Arnold Toynbee himself wrote in his propaganda piece "The Treatment of Armenians in the Ottoman Empire" that 500,000 Armenians had survived the "deportations" in a report that came out in April 1916. (Curiously, Consul J. B. Jackson had concluded that around 500,000 was the total number of the "deported," in February, 1916.) If there truly was an extermination policy, how could there have been so many survivors? After all, most of these unfortunates, the Armenians tell us, were mostly women, children and the elderly (probably true, since many of the men joined to fight against their country)… how hard would it have been to kill women, children and the elderly, and why go through the trouble and expense of a "deportation," when they could have been massacred on or near the spot?
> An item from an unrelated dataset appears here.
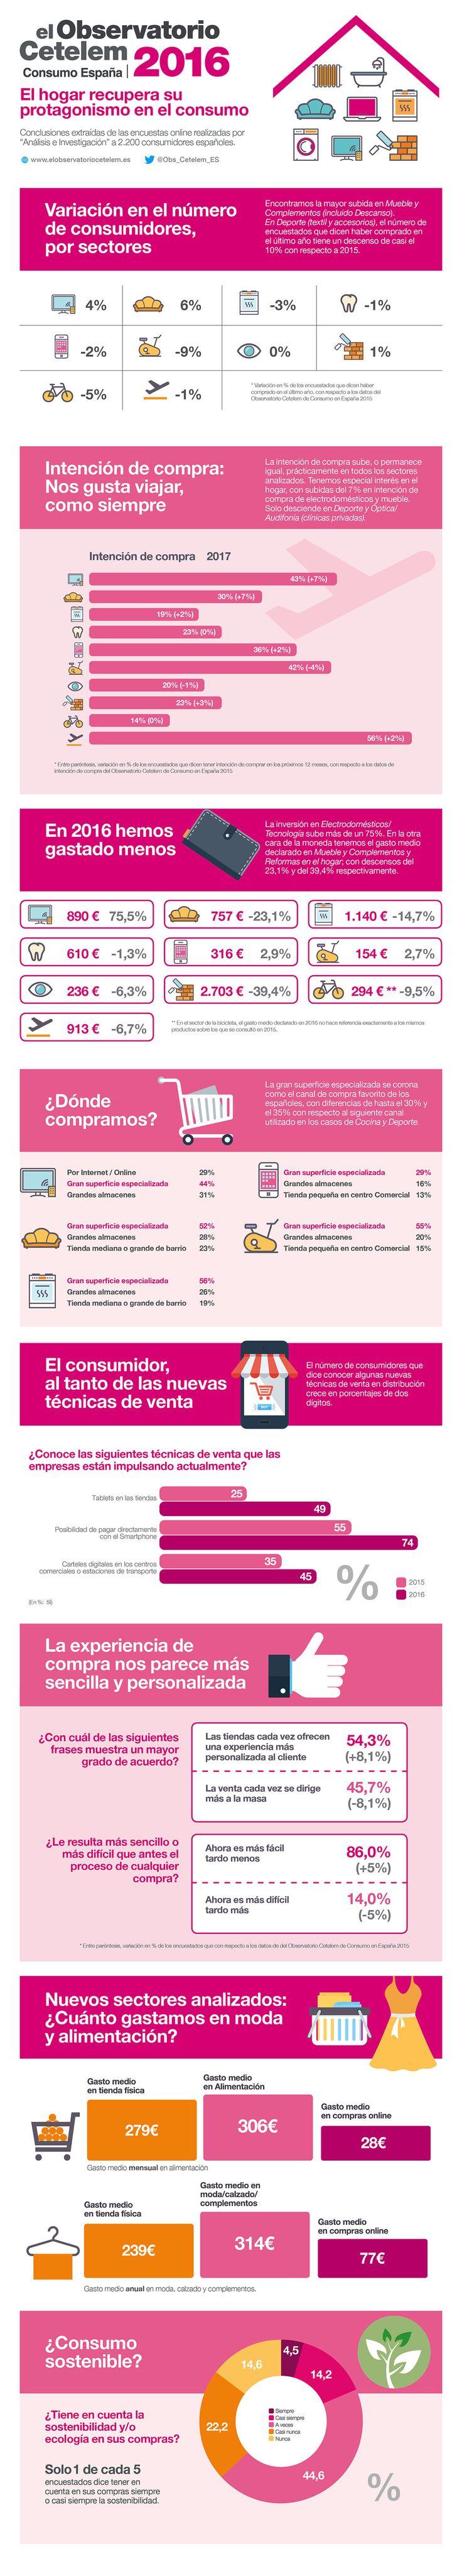 Observatorio Cetelem de Consumo en España 2016. Infografía con algunos de los datos contenidos en este informe sobre hábitos de compra de los consumidores españoles.

When the Armenians systematically murdered over half a million Turks/Muslims, they didn’t bother with any "deportation."

At the end of this chapter, Balakian informs us the U.S. Holocaust Museum places the Holocaust Jewish dead at 5.1 to 5.4 million, which I felt was interesting; everywhere, the figure is presented as six million. Even with genuine genocides, as the Holocaust most certainly was, one must be wary of "genocide politics" distorting the facts.

 

 

Chapter 15 (Van, Spring 1915) already starts off with an inaccuracy: “By the nineteenth century Van’s Armenian population was greater than its Turkish and Kurdish populations combined.” No source is provided, but Prof. Justin McCarthy, famous for his careful studies of population demographics, wrote: "Was there an Ottoman Armenia, that is, an area in which the majority of the population were Armenians? For the period before the nineteenth century there is no way to know for certain. No one took a census... We do know that in the period of the late nineteenth and early twentieth centuries, Armenians were a distinct minority in every province of the Ottoman Empire.”

The author also mentions a Turkish delegation asked the Ottoman-Armenians if they would kindly be on the side of the nation where they prospered for centuries, by coaxing the Russian-Armenians to the Turkish side… just as the Russian-Armenians and Armenians from Europe were busily trying to get the Ottoman-Armenians on the Russian side. The leadership declined, remembering the massacres and "betrayed promises from the Turks over the past decades"… forgetting about the betrayed promises from the Russians, since the time of Peter the Great.

Dennis Papazian wrote in "What every Armenian Should Know," in an effort to play down the fact that the Armenians sided with the Russians: "Russia under the Tsars never offered the Armenians or any other subject peoples their freedom. The last tsar, Nicholas II, would not even share power with his own Russian people, which helped prompt the Russian revolution during World War I. {Russia even forbade Armenian refugees, who had managed to flee the Genocide, from returning to their lands, which the Russian armies had overran during the war.} Prince Lobanov-Rostovsky, foreign minister of Russia in 1895, summed it all up by saying, ‘Yes, Russia wants Armenia, but without the Armenians.’" So let’s see… centuries of prospering under the Ottoman Empire… vs. centuries of getting used by the Russians as pawns. Once again: loyalty and Armenians; like oil and water.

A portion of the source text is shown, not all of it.